Under the new measure, the IDAs must post the recordings within five business days of a meeting or hearing. They are required to remain available for at least five years.

“Industrial development agencies are tasked with revitalizing communities and fostering economic growth at the local level, but most New Yorkers don’t have time to attend meetings and participate in the process,” Cuomo said. “This new measure will help foster civic engagement and get more residents involved in the meetings and hearings that will ultimately have a huge impact on the future of their communities.”

The bill was sponsored by Sen. Todd Kaminsky and Assemblywoman Michaelle Solages.

“IDAs make critical decisions that can have profound impacts on the communities they serve,” Kaminsky said. “Like any similar governmental body, the public should be engaged in their decision-making and this law will easily enable that to happen. I am grateful to the Governor for signing this law that will help shine light into the world of IDA-tax breaks.”

Cuomo Signs Bill Strengthening Martin Act

A bill strengthening a weapon to fight financial fraud was approved on Monday by Gov. Andrew Cuomo.

The measure strengthens the Martin Act, restoring the statute of limitations for investigating and prosecuting fraud from three years to six.

“At a time when the Trump administration is hell-bent on rolling back consumer financial protections, New York remains dedicated to preventing and prosecuting fraudulent financial activity,” Cuomo said in a statement.

“By restoring the six-year statute of limitations under the Martin Act, we are enhancing one of the state’s most powerful tools to prosecute financial fraud so we can hold more bad actors accountable, protect investors and achieve a fairer New York for all.”

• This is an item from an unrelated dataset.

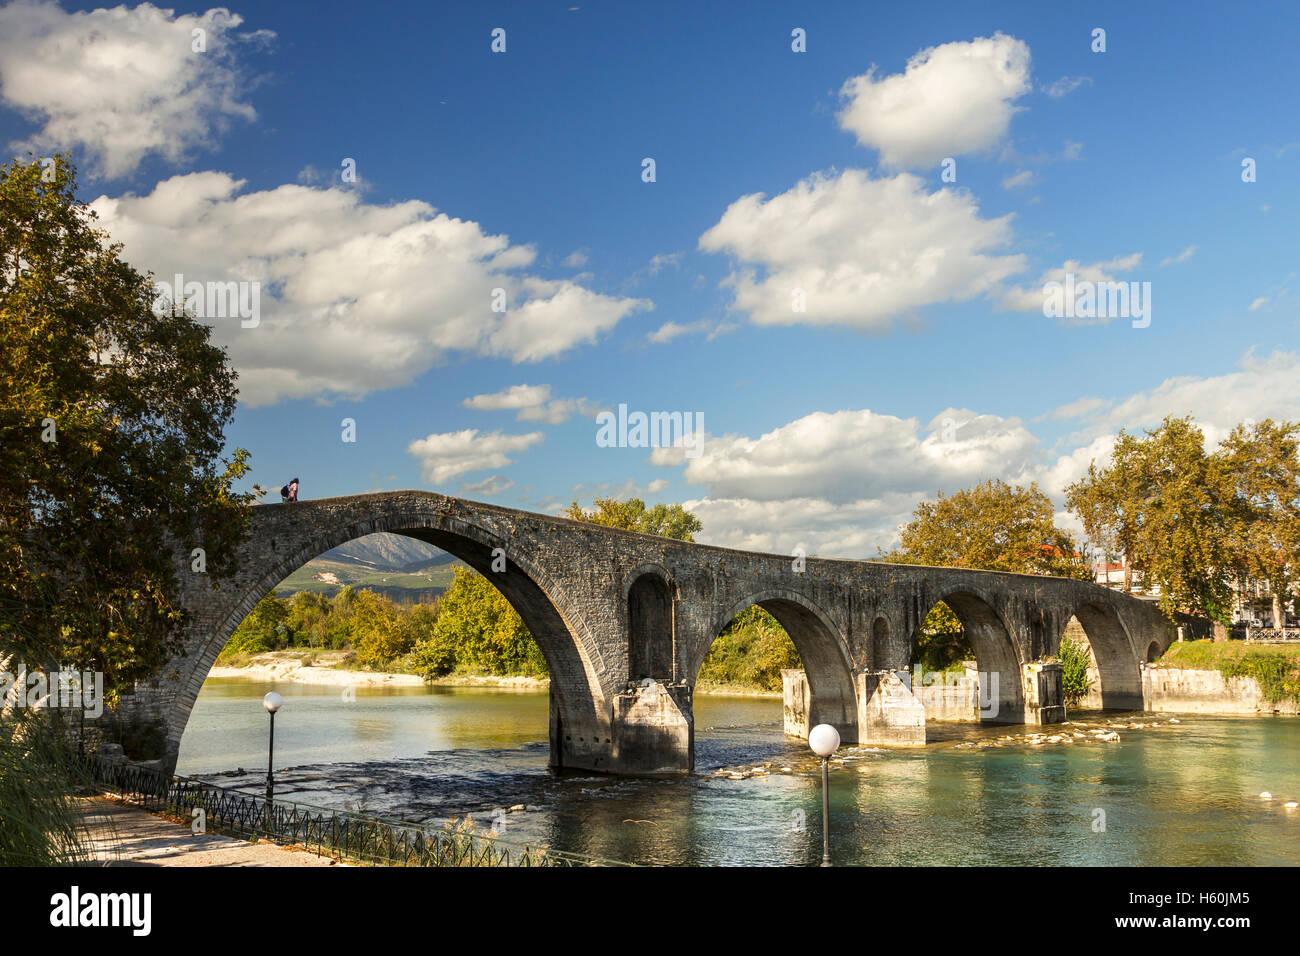 The legendary stone bridge of Arta, the most historic bridge in Greece. - Stock Image
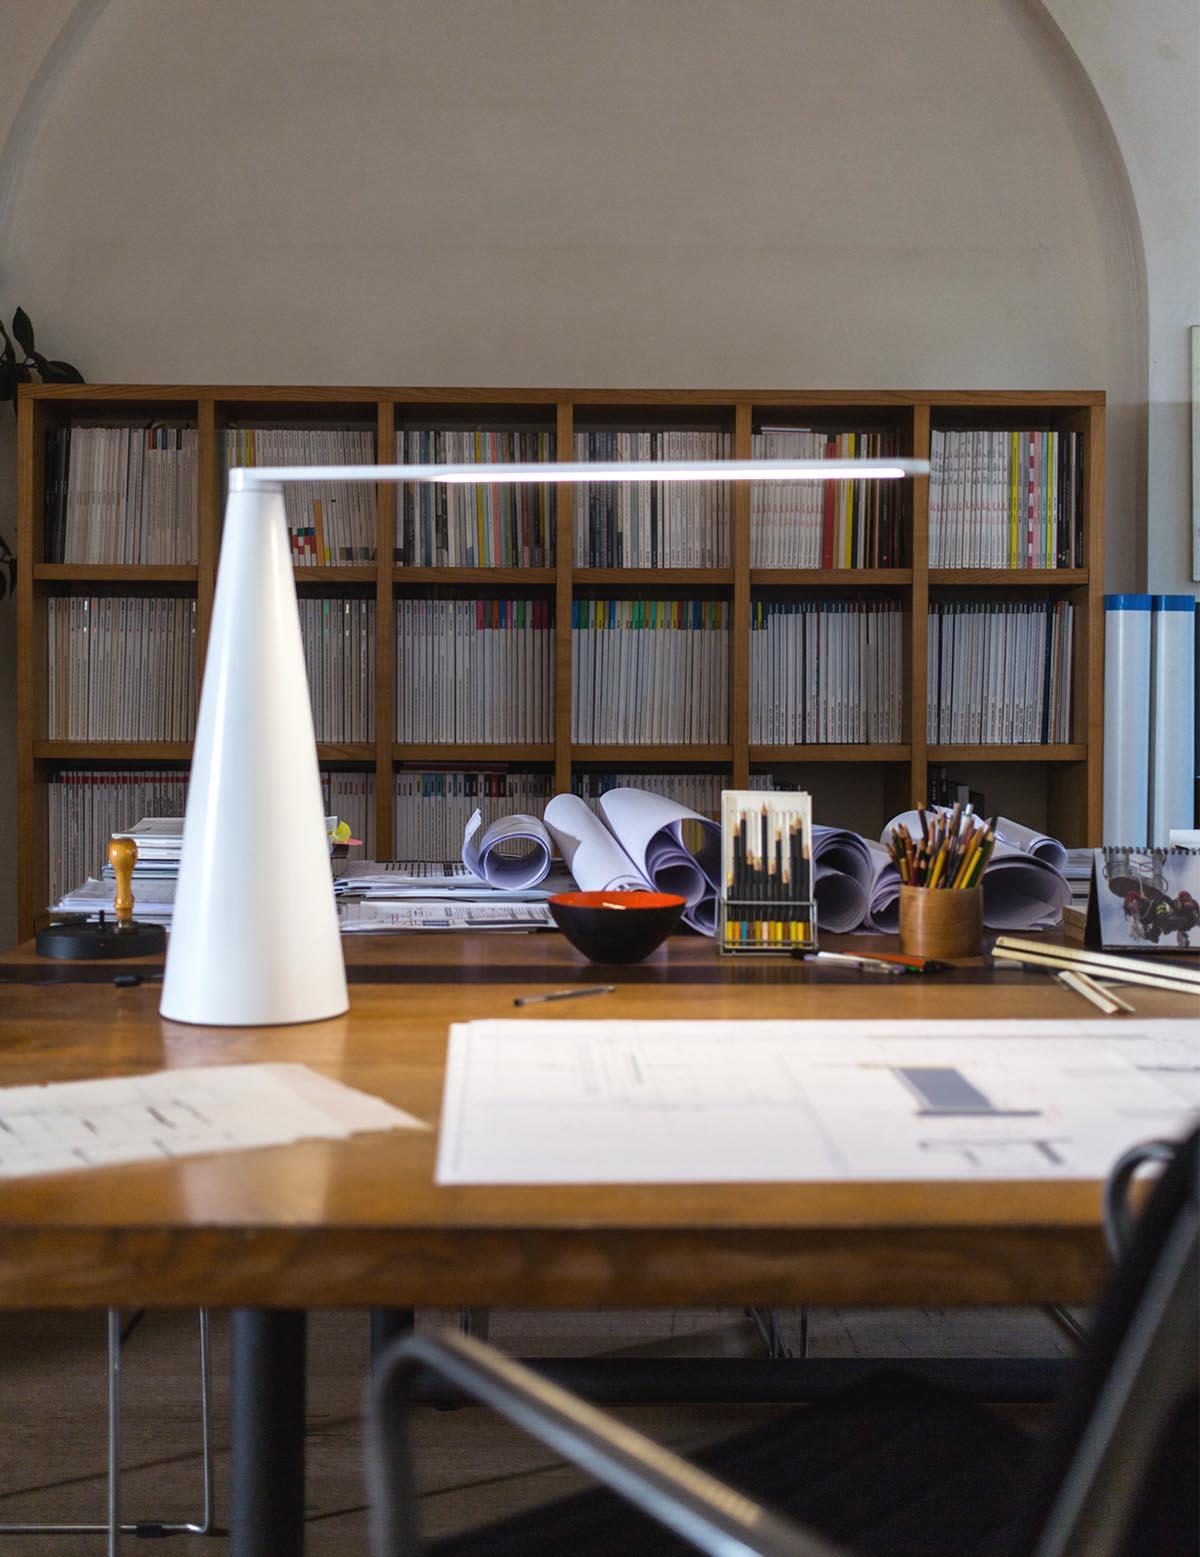 Lampada Elica, design di Brian Sironi per Martinelli Luce

The statute of limitations had previously been shortened by a Court of Appeals ruling. The new law is meant to empower the state attorney general’s office to investigate fraud cases.

“If Main Street has to play by a set of rules, then so must Wall Street,” Attorney General Letitia James said. “This law strengthens two of our most critical tools in holding corporate greed accountable and delivering justice for victims of financial fraud. As the federal government continues to abdicate its role of protecting investors and consumers, this law is particularly important. New York remains committed to finding and prosecuting the bad actors that rob victims and destabilize markets.”

The measure was sponsored by Sen. Mike Gianaris and Assemblyman Robert Carroll.